Question

integrate 1/sqrt(x^2-1) from 2 to 3?

Answer 1

you have a form \(\sqrt{x^2-a^2}\) suggesting to use the trigonometric substitution
\(x = \sec \theta\)
\(dx = \sec \theta \tan \theta \, d\theta\)

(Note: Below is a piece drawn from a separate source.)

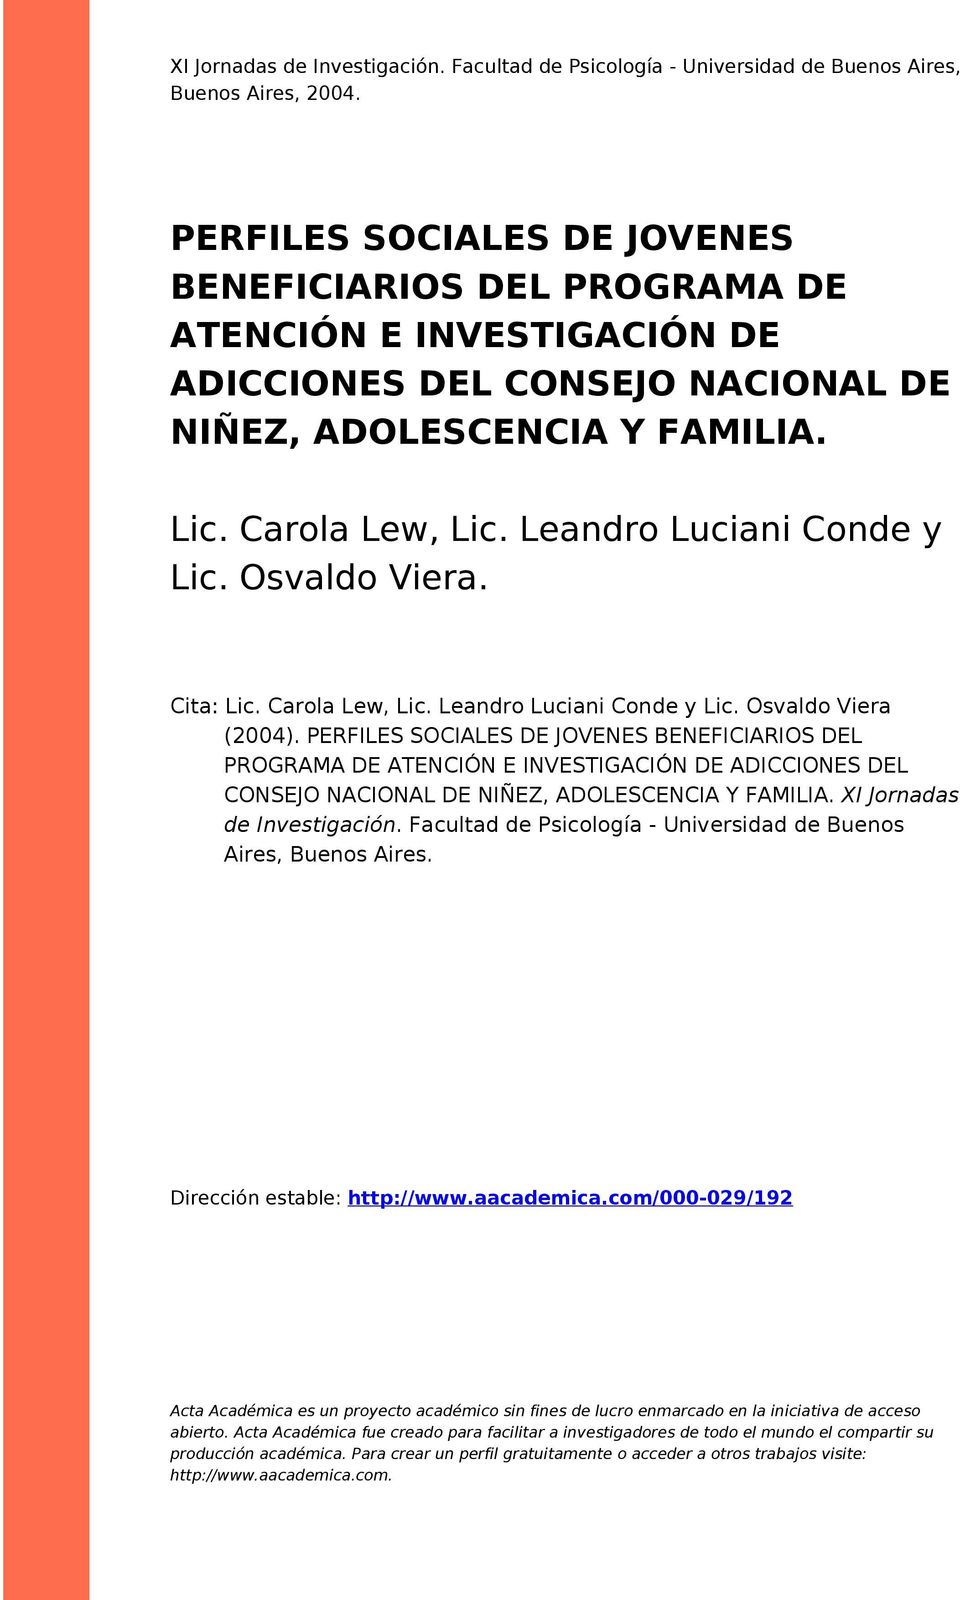 Leandro Luciani Conde y Lic. Osvaldo Viera. Cita: Lic. Carola Lew, Lic. Leandro Luciani Conde y Lic. Osvaldo Viera (2004).

Ignoring the bounds for now,
\[ \int \frac{1}{\sqrt{x^2-1}}dx=\int \frac{1}{\sqrt{\sec^2 \theta-1}}(\sec \theta \tan \theta \, d\theta)\\
\, \\
= \int\frac{\sec \theta \tan \theta}{\tan \theta}d\theta, \text{ since } \sec^2\theta -1 = \tan^2 \theta \\
\, \\
= \int \sec \theta d \theta \\
= \ln|\sec \theta +\tan \theta |+C\]

Now into x-variables again, notice that \(x = \sec \theta\) and \(\sqrt{x^2-1}=\tan \theta\) from the simplification in your denominator, so
\[=\ln\left|x+\sqrt{x^2-1}\right|+C \]
You can drop the absolute value bars since you will be integrating from 2 to 3.
With the bounds:
\[ \large = \left [ \ln \left(x+\sqrt{x^2-1}\right) \right]_{2}^3 = \ln(3+\sqrt{3^2-1})-\ln(2+\sqrt{2^2-1}) \\
\large =\ln(3+2\sqrt{2})-\ln(2+\sqrt{3})\]